What is needed is an exact copy of the entries below, from the line that contains "CIRCA: 1930's" through the final line, both included, and nothing else.

━━ MATERIAL FOR THIS TASK

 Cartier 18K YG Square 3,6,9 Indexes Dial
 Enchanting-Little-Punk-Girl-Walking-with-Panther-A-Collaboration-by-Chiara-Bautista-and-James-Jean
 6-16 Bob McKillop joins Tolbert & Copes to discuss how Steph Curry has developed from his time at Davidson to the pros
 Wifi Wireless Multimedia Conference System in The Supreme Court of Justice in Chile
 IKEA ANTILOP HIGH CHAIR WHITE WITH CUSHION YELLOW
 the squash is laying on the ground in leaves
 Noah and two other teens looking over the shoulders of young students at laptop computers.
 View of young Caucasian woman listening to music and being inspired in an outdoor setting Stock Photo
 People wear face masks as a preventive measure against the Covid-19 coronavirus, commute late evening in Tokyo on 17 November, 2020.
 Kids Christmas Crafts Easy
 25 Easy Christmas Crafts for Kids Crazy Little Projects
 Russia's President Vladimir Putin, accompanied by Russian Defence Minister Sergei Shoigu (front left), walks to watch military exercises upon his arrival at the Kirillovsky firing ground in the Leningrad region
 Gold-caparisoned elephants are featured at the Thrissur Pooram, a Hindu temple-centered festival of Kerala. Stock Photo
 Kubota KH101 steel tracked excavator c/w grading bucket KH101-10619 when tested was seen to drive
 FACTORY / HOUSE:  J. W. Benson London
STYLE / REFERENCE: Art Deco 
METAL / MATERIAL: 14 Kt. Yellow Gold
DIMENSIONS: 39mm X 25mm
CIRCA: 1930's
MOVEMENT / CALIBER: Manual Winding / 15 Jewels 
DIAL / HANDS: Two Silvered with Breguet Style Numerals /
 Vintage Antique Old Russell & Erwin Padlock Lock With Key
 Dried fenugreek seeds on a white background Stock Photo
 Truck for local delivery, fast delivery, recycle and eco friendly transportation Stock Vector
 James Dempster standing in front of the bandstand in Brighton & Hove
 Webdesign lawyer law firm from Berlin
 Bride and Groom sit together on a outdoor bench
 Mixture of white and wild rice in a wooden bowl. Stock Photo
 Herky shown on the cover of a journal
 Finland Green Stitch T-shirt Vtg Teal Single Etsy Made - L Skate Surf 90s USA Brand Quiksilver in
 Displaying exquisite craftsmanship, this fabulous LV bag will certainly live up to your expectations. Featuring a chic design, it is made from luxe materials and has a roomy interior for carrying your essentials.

━━━━

▸ WRITTEN REPLY
CIRCA: 1930's
MOVEMENT / CALIBER: Manual Winding / 15 Jewels 
DIAL / HANDS: Two Silvered with Breguet Style Numerals /
 Vintage Antique Old Russell & Erwin Padlock Lock With Key
 Dried fenugreek seeds on a white background Stock Photo
 Truck for local delivery, fast delivery, recycle and eco friendly transportation Stock Vector
 James Dempster standing in front of the bandstand in Brighton & Hove
 Webdesign lawyer law firm from Berlin
 Bride and Groom sit together on a outdoor bench
 Mixture of white and wild rice in a wooden bowl. Stock Photo
 Herky shown on the cover of a journal
 Finland Green Stitch T-shirt Vtg Teal Single Etsy Made - L Skate Surf 90s USA Brand Quiksilver in
 Displaying exquisite craftsmanship, this fabulous LV bag will certainly live up to your expectations. Featuring a chic design, it is made from luxe materials and has a roomy interior for carrying your essentials.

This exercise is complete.